Three years on from the exceptional That! Feels Good!, and Jessie Ware has stepped that little bit further into dance-pop thrills. It feels like an expected shift for her latest album, Superbloom, but that makes it no less exciting. Continuing an exceptional run of form, Ware has pooled the tools of pop and disco to create one of the more exciting moments of her career. Banking on the success of her last album, testing the waters with a single here or there, Ware has played the long game by music industry turnaround standards. Superbloom is well worth the wait and yet part of the success is that tie to That! Feels Good!, an album that still feels like a contemporary powerhouse. We should expect nothing less from Ware. A whole sub-genre of music is evolving faster than most can keep up with it, and Ware is leading the charge once more. You can hear as much in the first notes of a prelude, a necessary build-up towards some of her very best work.
Superbloom has a flair and thrill that cement Ware as one of the all-time greats. Her album before this did so too, but it’s the upbeat charm and heavier message overlap of I Could Get Used to This that works so well for Ware, and as a result, her listeners. Get used to where Ware is. She is at the top and will reign there for some time. She knows as much and makes it clear on the staggering I Could Get Used to This, a fine blur of pop-adjacent imagery and a mature, deeper groove which goes on to profile the intensity she can so often bring to disco. There’s a wonderful funk and soul section to Superbloom that, much like the rest of the pop sound Ware is revitalising, we must not take for granted. The title track is solid work, overshadowed by the follow-up track Automatic. String sections galore, a cool bass addition too, it’s the swaggering style the genre had been crying out for. Few were willing to take it to that empowering high, but Ware has, for half a decade now, revolutionised this sound.

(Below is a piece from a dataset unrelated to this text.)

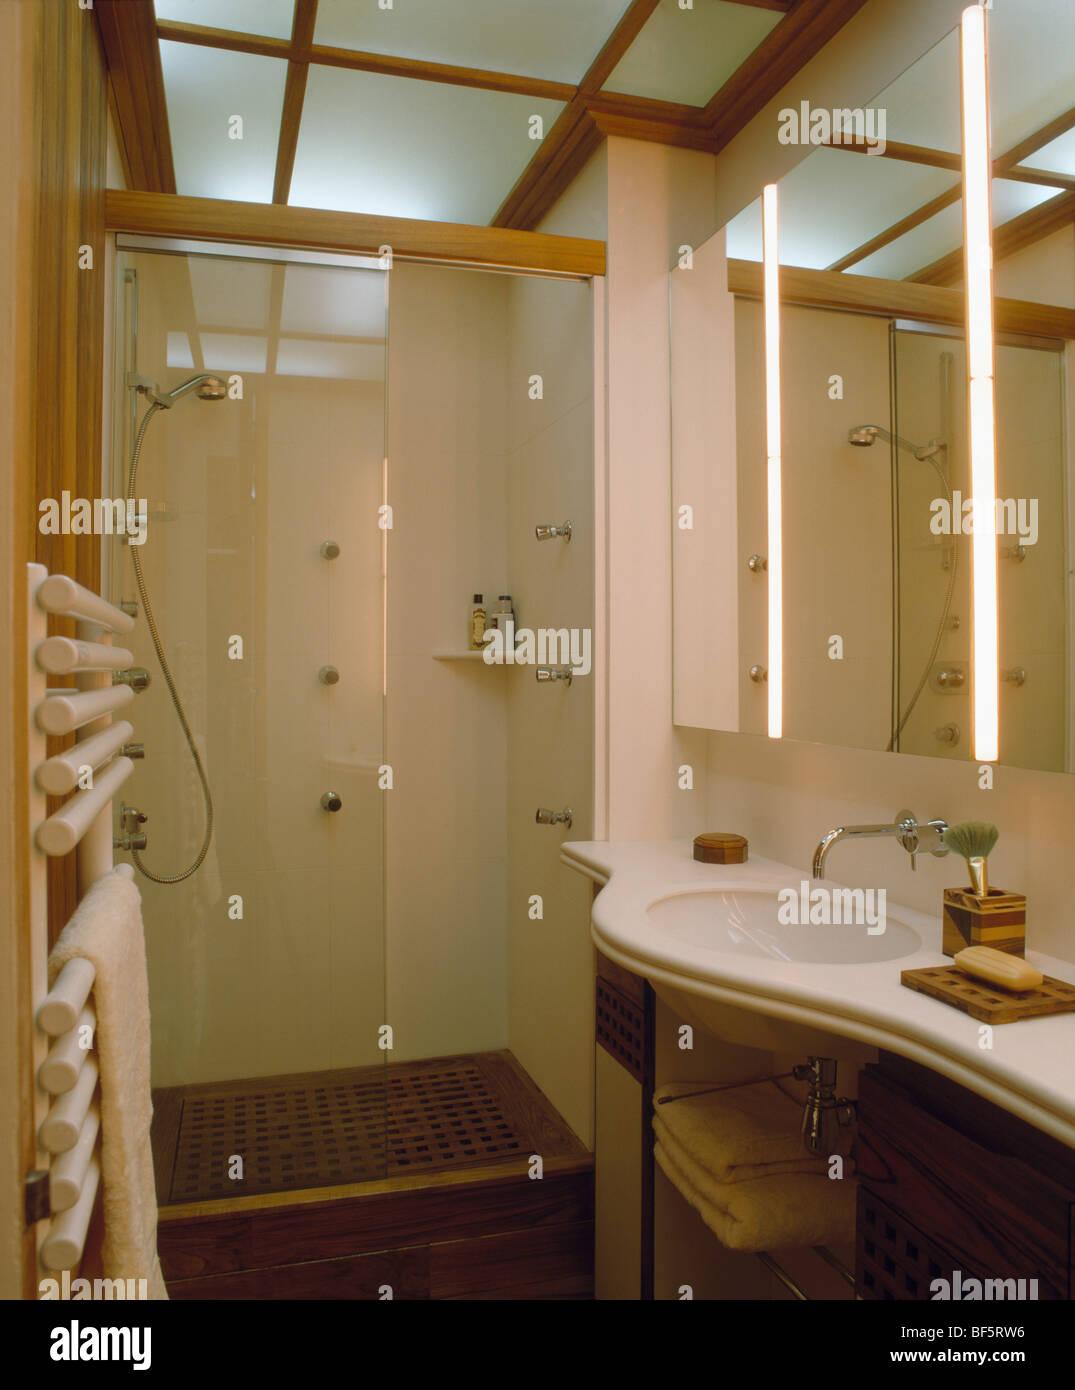 Opaken Glasscheiben in Decke im modernen Badezimmer mit ...

This is not as strong as That! Feels Good!, perhaps because it hasn’t found a catchier, consistent set of songs, but it’s still great work. Sauna exudes that righteous energy too, though once more it pales in comparison to the song that follows. Mr Valentine is a powerhouse in the making, once more reliant on those disco grooves, but what separates it from the rest of the album is the righteous rage at the core of it. All of the messaging, those empowering moments, it all depends on Ware’s voice. She has an outstanding range and it makes the difference in songs like Love You For, a track that strips back the instrumentals and puts Ware front and centre. It’s where she puts out some of her best offerings, and you can hear just how big a difference it makes when she’s the focus, rather than the instrumental structure. All those riffs and grooves are strong, though without the vocal range Ware provides on top of that, they’d feel more like an occasionally surprising jam.
A hell of a lot of fun is what Superbloom is. Ride has a fantastic understanding of what upbeat momentum can do for a genre. It’s not all doom and gloom, but there’s plenty of reflection within Superbloom. A few rogue choices too, the confident approach to some sleek tech-sounding synth on Don’t You Know Who I Am? is that blur between confidence and ego hard at work. Strip it all back for the melodic 16 Summers and that contrast is complete. Superbloom may present a confident, out there artist but there are glimmers of real truth to Ware found throughout. A consistent, quality piece of work from Ware should be no surprise, and yet there are moments of absolute wonder within Superbloom.